Question

A scientist measures the standard enthalpy change for the following reaction to be -115.5 kJ: CO(g) + Cl2(g)___COCl2(g) Based on this value and the standard enthalpies of formation for the other substances, the standard enthalpy of formation of COCl2(g) is ________ kJ/mol.

Answer 1

The standard enthalpy of formation of COCl2(g) is 115.5 kJ/mol.

Step-by-step explanation:

To determine the standard enthalpy of formation of COCl2(g), we can use the given value for the standard enthalpy change of the reaction and the standard enthalpies of formation for the other substances. The reaction is:

CO(g) + Cl2(g) → COCl2(g)

Using the standard enthalpies of formation for CO(g) and Cl2(g), which are known values, we can calculate the standard enthalpy of formation for COCl2(g) by subtracting the sum of the standard enthalpies of formation for the reactants from the sum of the standard enthalpies of formation for the products.
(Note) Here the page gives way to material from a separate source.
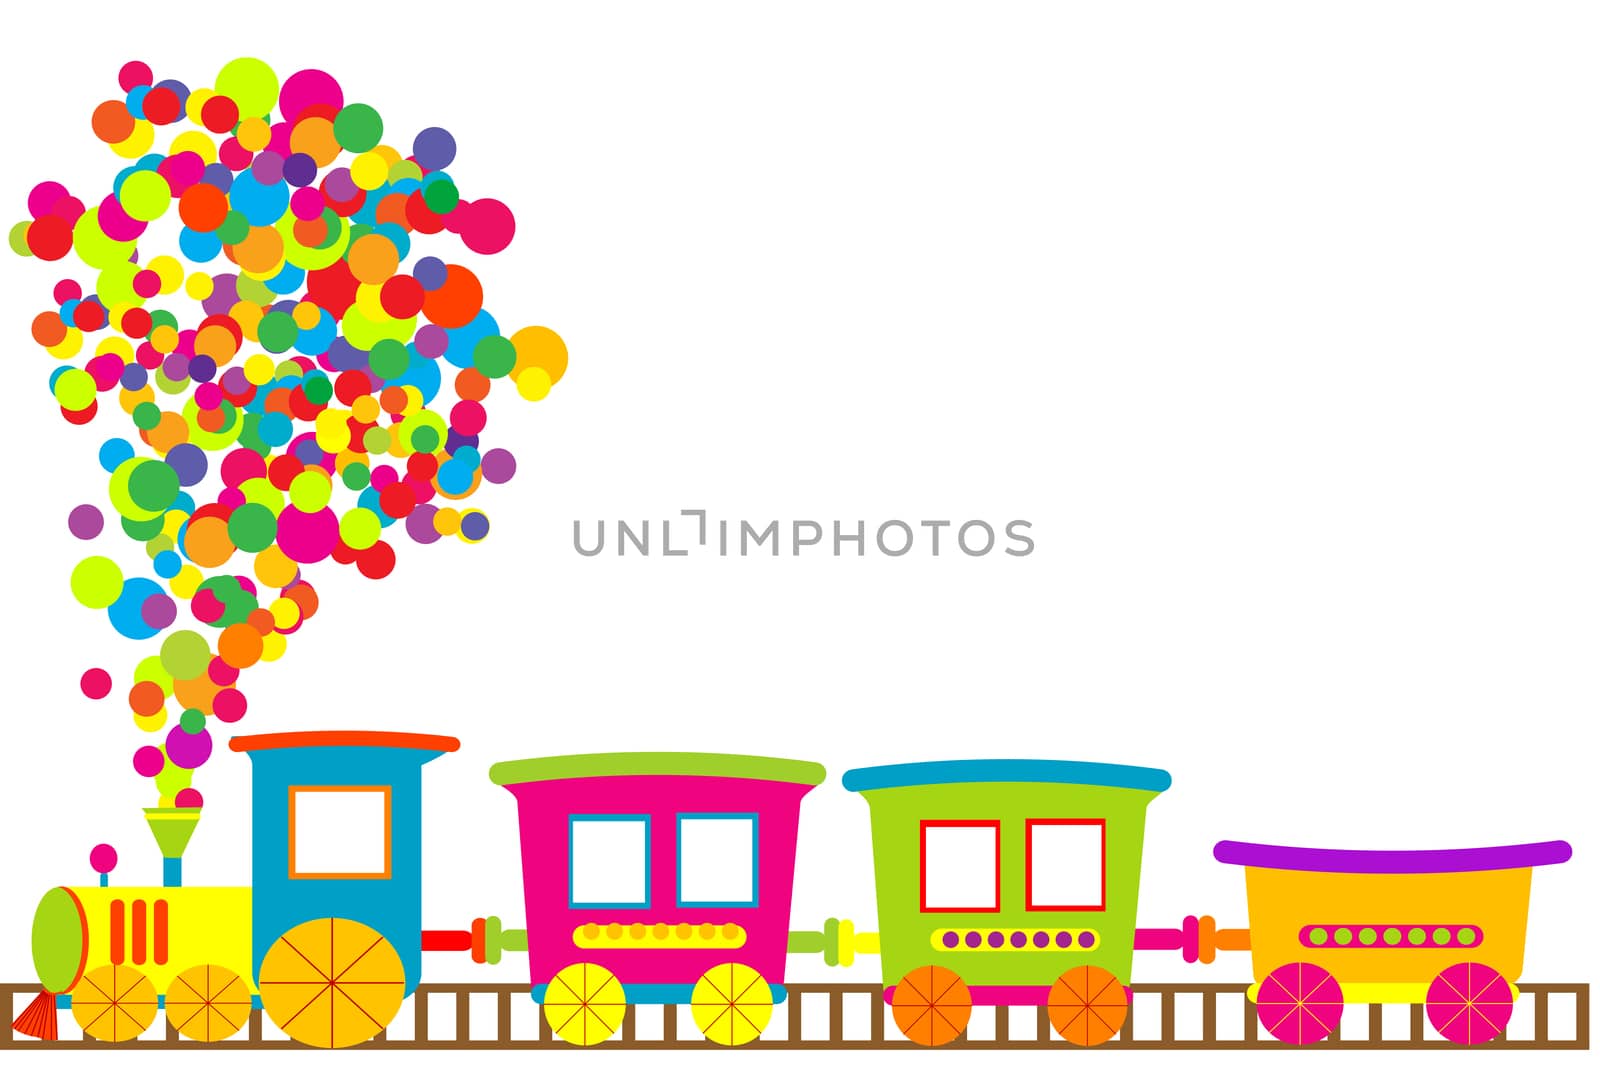 Colored toy train by hibrida13

The equation for this calculation is:

ΔH°f = ΣΔH°f(products) - ΣΔH°f(reactants)

Plugging in the values:

ΔH°f(COCl2) = ΣΔH°f(products) - ΣΔH°f(reactants)

ΔH°f(COCl2) = (0 kJ/mol) - (-115.5 kJ/mol)

ΔH°f(COCl2) = 115.5 kJ/mol

Answer 2

-226.0kJ = ΔH°f COCl₂(g)

Step-by-step explanation:

Using Hess' law, it is possible to obtain the enthalpy of formation of a substance from the enthalpy change of a reaction and the other enthalpies of formation involved in the reaction.

For the reaction:

CO(g) + Cl₂(g) → COCl₂(g)

Hess's law is:

ΔHr = -115.5kJ = ΔH°f COCl₂(g) - (ΔH°f CO(g) + ΔH°f Cl₂(g))

ΔH°f CO(g) is -110.5kJ/mol

ΔH°f Cl₂(g) is 0 kJ/mol

Replacing in Hess's law:

-115.5kJ = ΔH°f COCl₂(g) - (-110.5kJ/mol + 0kJ/mol)

-115.5kJ = ΔH°f COCl₂(g) + 110.5kJ

-226.0kJ = ΔH°f COCl₂(g)